WASHINGTON - What stung was hearing critics say that his design for the National World War II Memorial had a fascist look - like something the Nazis might have dreamed up.
"This is very painful," said architect Friedrich St. Florian, speaking last week as the American Battle Monuments Commission mounted an offensive to win public support for its World War II memorial plan.
In recent weeks, St. Florian's design for the official national monument to be built on the Mall here has become the subject of rising criticism.
Such criticism is cause for concern within the battle monuments commission for two reasons:
The commission has to try to raise $100 million, mostly from private sources, if the project is to be completed by 2000 as scheduled. John P. Herrling, the retired Army major general who chairs the commission, said he hoped that "inappropriate criticism" would not hurt fund raising.
The design, chosen in a competition that drew 403 entries, must be cleared by two boards with veto power - the federal Fine Arts Commission and the National Capital Planning Commission - both of which are to consider the plan next month.
President Clinton unveiled St. Florian's winning entry at the White House in January.
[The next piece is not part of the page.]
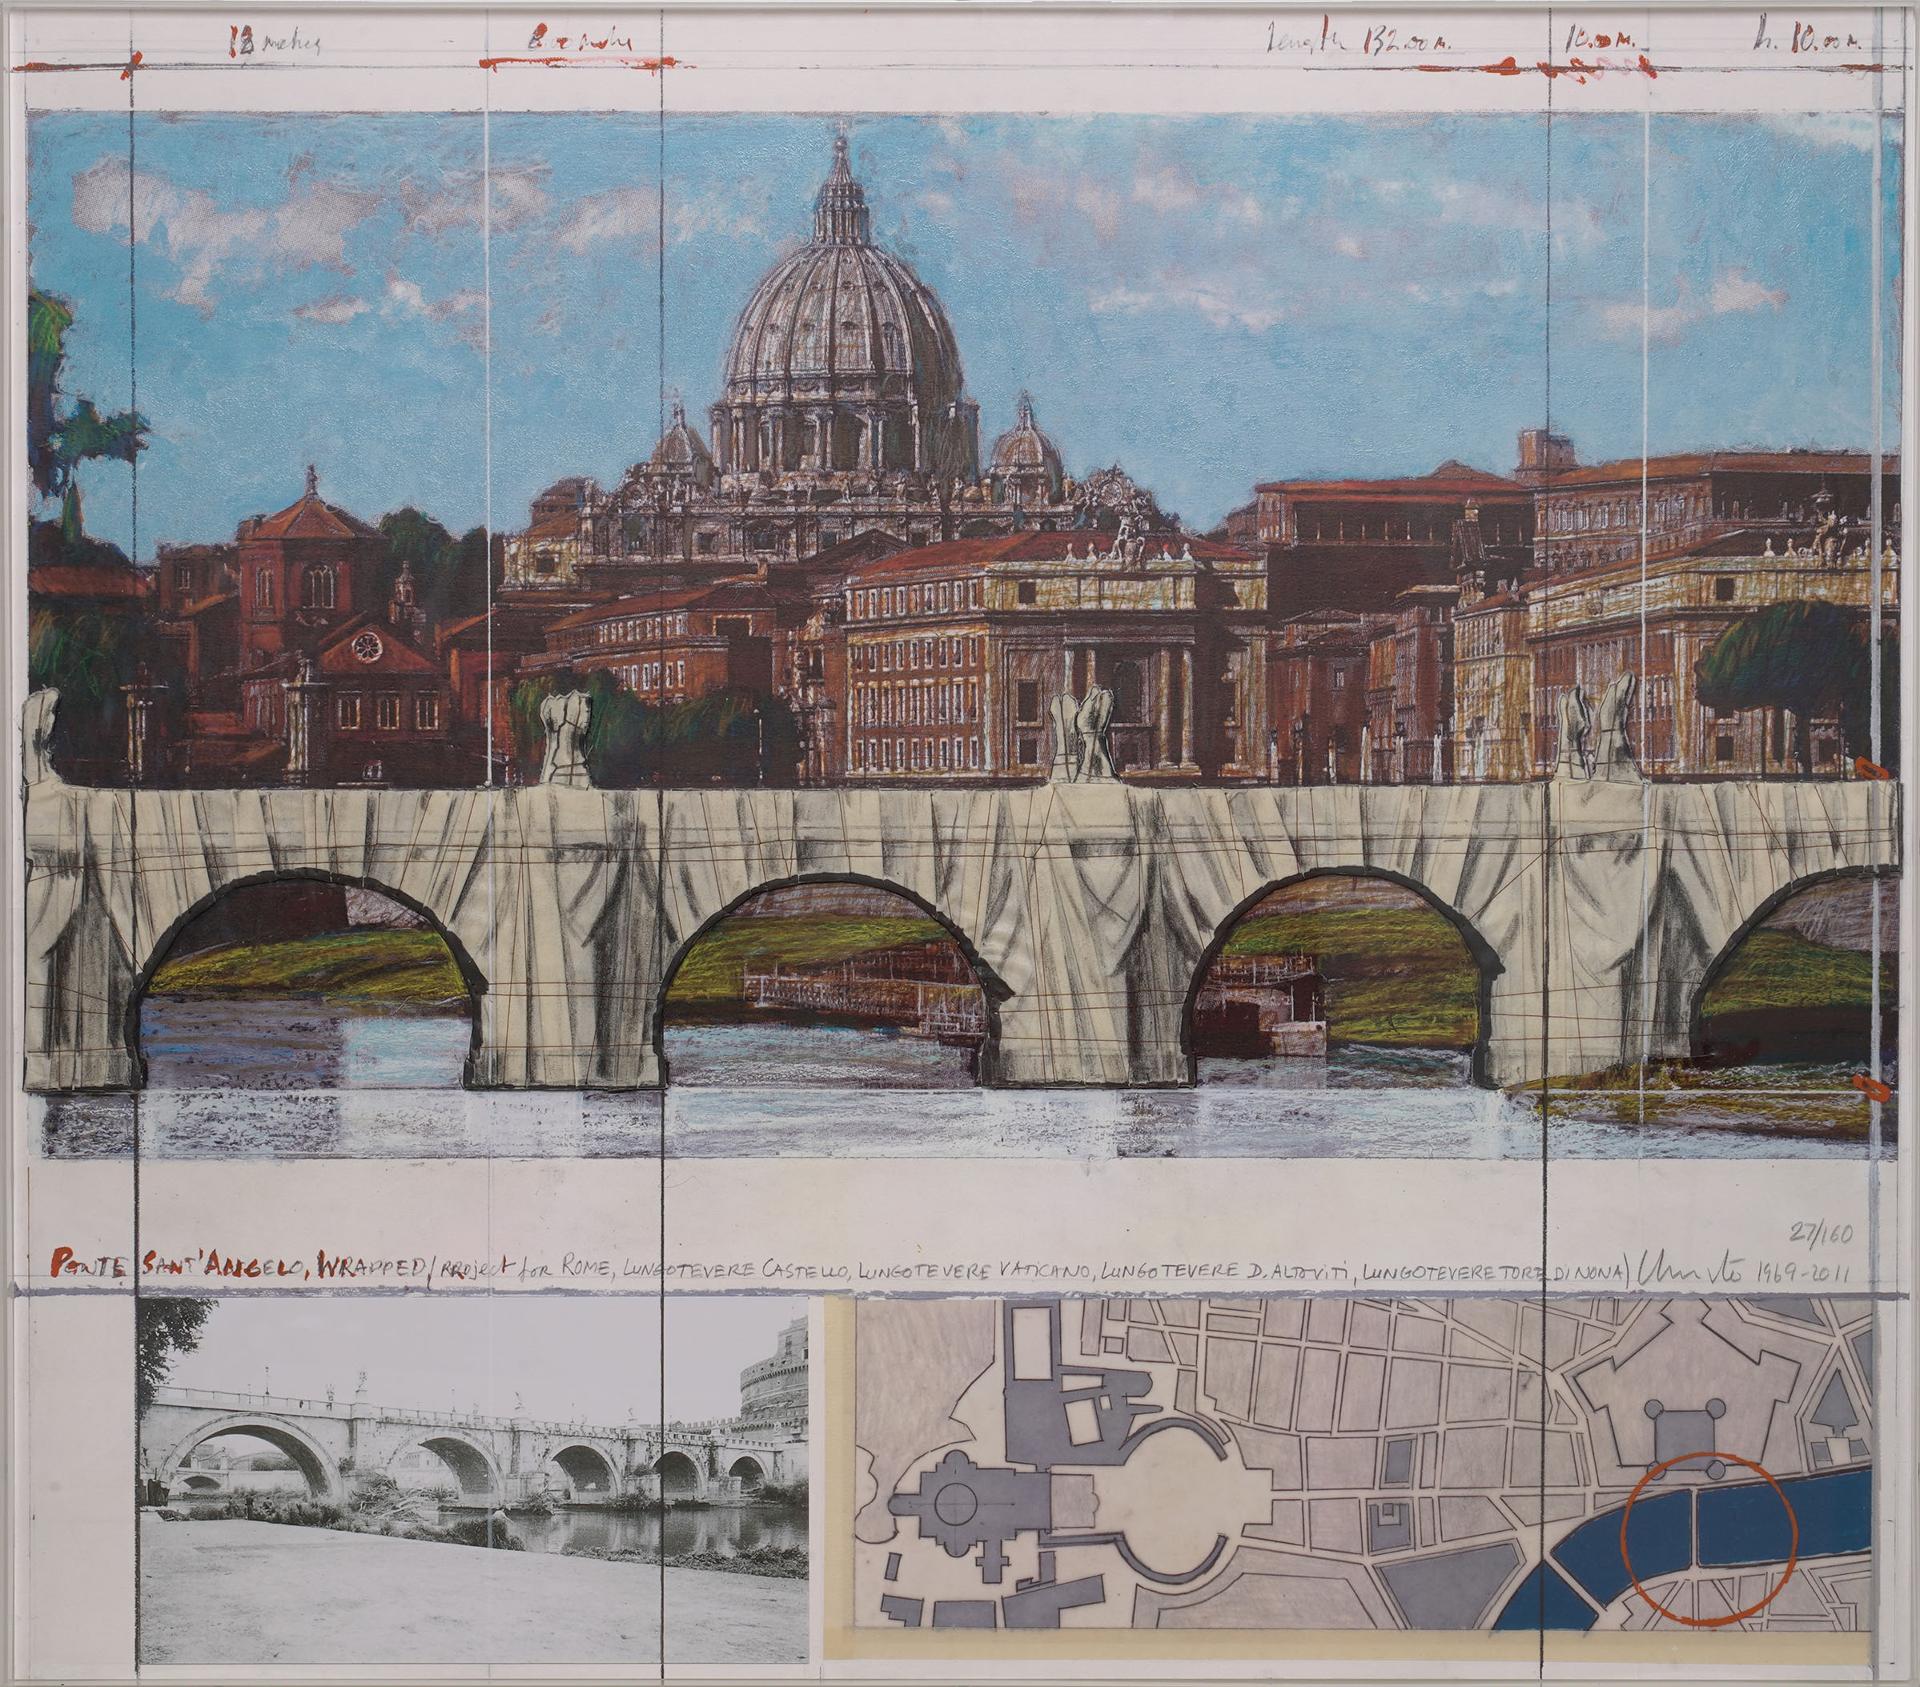 Christo (1935-2020) - Ponte Sant'angelo, Wrapped, 2011 [s. 205]

Since then, the criticism has grown slowly, although the volume of criticism is still far less than that generated in the early 1980s by the now universally praised Vietnam Memorial.
Location also faulted
The nay-saying has at least as much to do with the location - midway between the Washington and Lincoln memorials - as it has to do with the design. But the design has its critics as well.
In a recent issue, Architecture magazine described St. Florian's drawings as resembling the work of Albert Speer, personal architect of Adolf Hitler. The Cleveland Plain Dealer agreed with that assessment - and called it "a deeply ironic twist for a World War II memorial."
Some critics have suggested that the 50 headless columns of St. Florian's design - one for each of the 50 states - are what resemble the Speer designs. But the architect noted that the Nazis used square columns, not round ones. The tops of his columns, he said, are cut off to symbolize the "truncated" lives of those who died in the war.
The monument commission required design competitors not to block the view from the Washington to the Lincoln monuments. As a result, Florian's monument plaza is set nine feet deep in the ground.
Since January, when the design was unveiled, there have been changes. To address continuing concerns about site lines, St. Florian reduced the height of the proposed columns from 35 feet to 33 feet.
A proposed 400-seat theater - where visitors might have learned the story of World War II - has also been eliminated. This was partly in response to complaints that a constant flow of tour buses might clutter the area. Even with the changes, Sen. Bob Kerrey, a Nebraska Democrat and Medal of Honor recipient in the Vietnam War, objects to the site.
"It interferes with the vista of the mall," Kerrey said in an interview. "And in order to make it less objectionable, they have tried to make it interfere less. It still interferes - but now it's smaller and less significant than it ought to be."
The Mall site was one of seven locations considered by the battle monuments commission. It was chosen partly because it was so central - a reflection of the central role that World War II played in the life of the nation.
Others sites that were looked at included the Capitol Reflecting Pool at the far end of the two-mile-long Mall; Freedom Plaza on Pennsylvania Avenue between 14th and 15th streets; and Constitution Gardens in the vicinity of the Vietnam Memorial.
The arts commission and the capital planning commission have approved the site. Their reviews will focus on the design only, Herrling said.